Xylan Acetylation Is Essential for Normal Plant Growth and Secondary Wall Deposition
The double and triple mutants of TBL32, TBL33, and ESK1 exhibit a varied degree of reduction in acetyl groups in xylan, which is correlated with the severity of defects in plant growth and development. The tbl32 tbl33 double mutant has a xylan acetyl content of about 77% of that of the wild type and no apparent defects in plant growth, indicating that a mild reduction in xylan acetylation does not have any negative impacts on plant growth. Both esk1 and tbl32 esk1, whose xylan acetyl content is reduced to about 60% and 35% of that of the wild type, respectively, exhibit reduced plant growth.
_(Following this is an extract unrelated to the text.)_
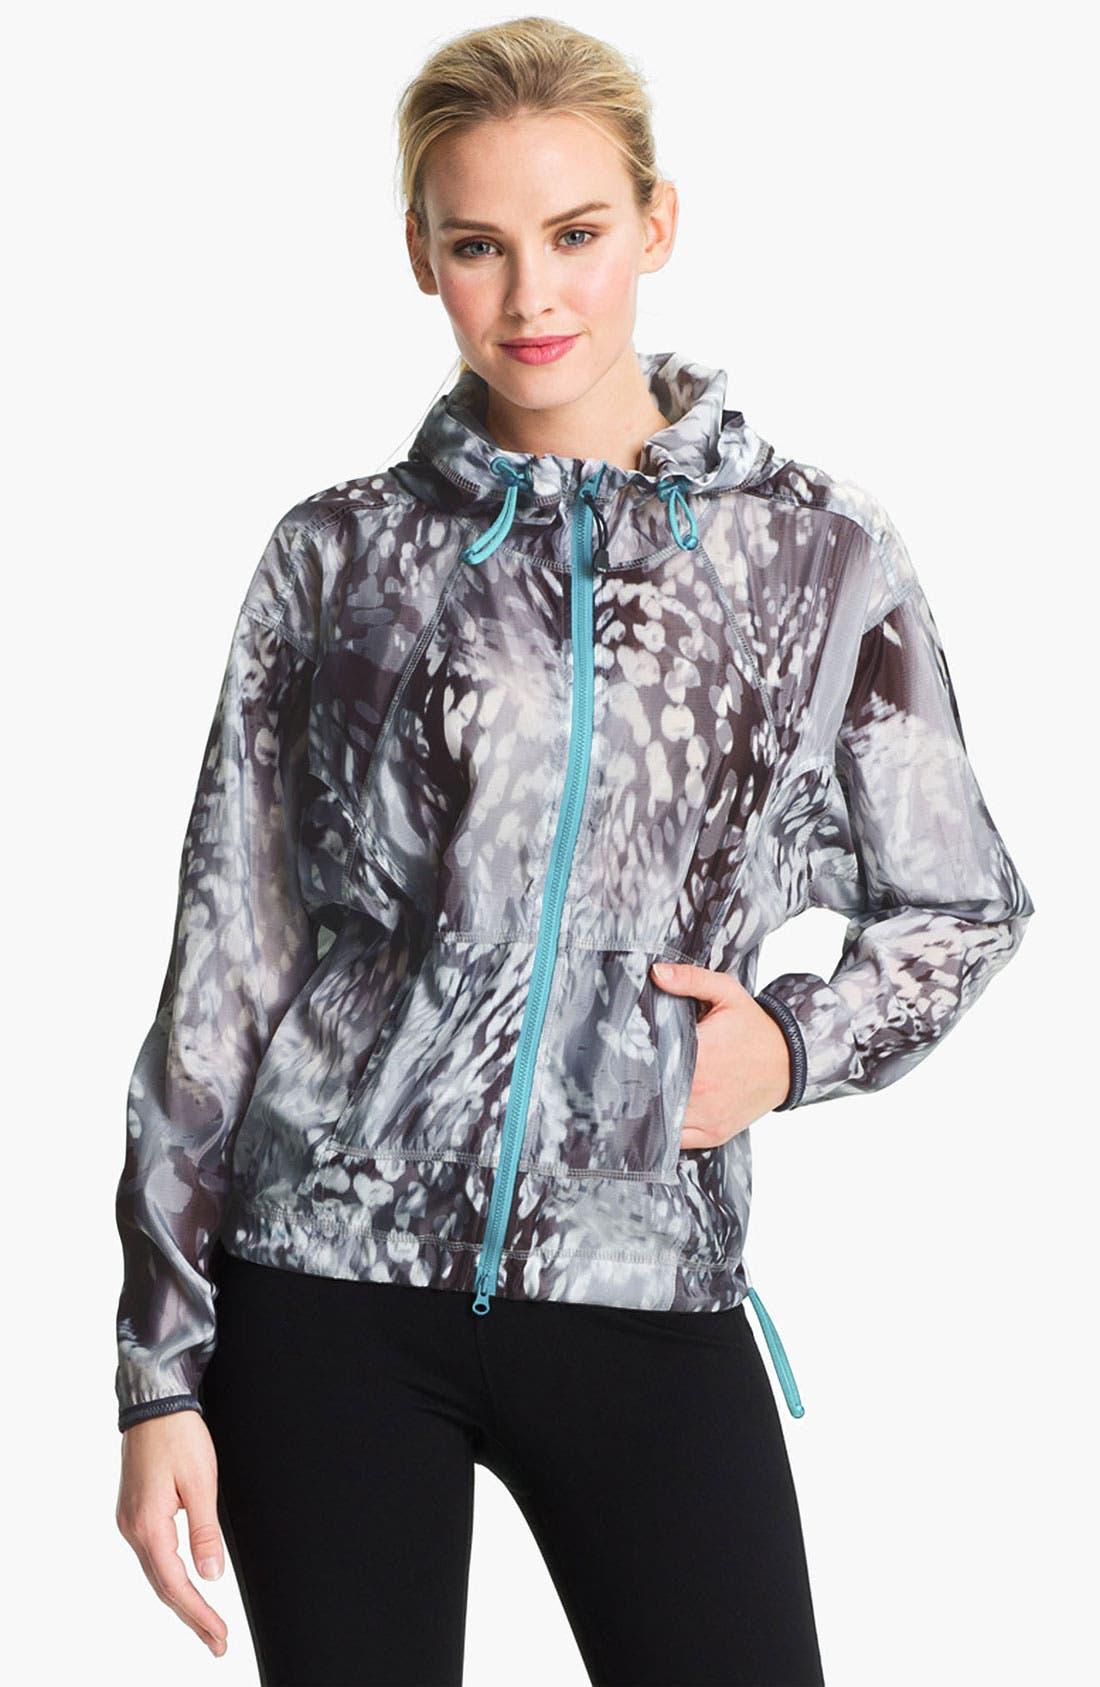 Alternate Image 1 Selected - Zella 'Sprint' Print Jacket

In contrast, the growth of tbl33 esk1 and tbl32 tbl33 esk1, whose xylan acetyl content is decreased to about 21% and 15% of that of the wild type, respectively, is so severely retarded that only small inflorescences are produced after prolonged growth. The severity of defects in plant growth is also correlated with the degree of severity of xylem vessel deformation. The xylem vessels in both tbl33 esk1 and tbl32 tbl33 esk1 are so severely collapsed that only a small slit remains in each vessel. The severe deformation of xylem vessels most likely impedes water transport, thus leading to retardation of plant growth. This scenario resembles the simultaneous mutations of GT43 genes required for xylan backbone elongation, IRX9 and I9H or IRX9 and IRX14, in which the xylem vessels are severely collapsed and the plant growth is stunted .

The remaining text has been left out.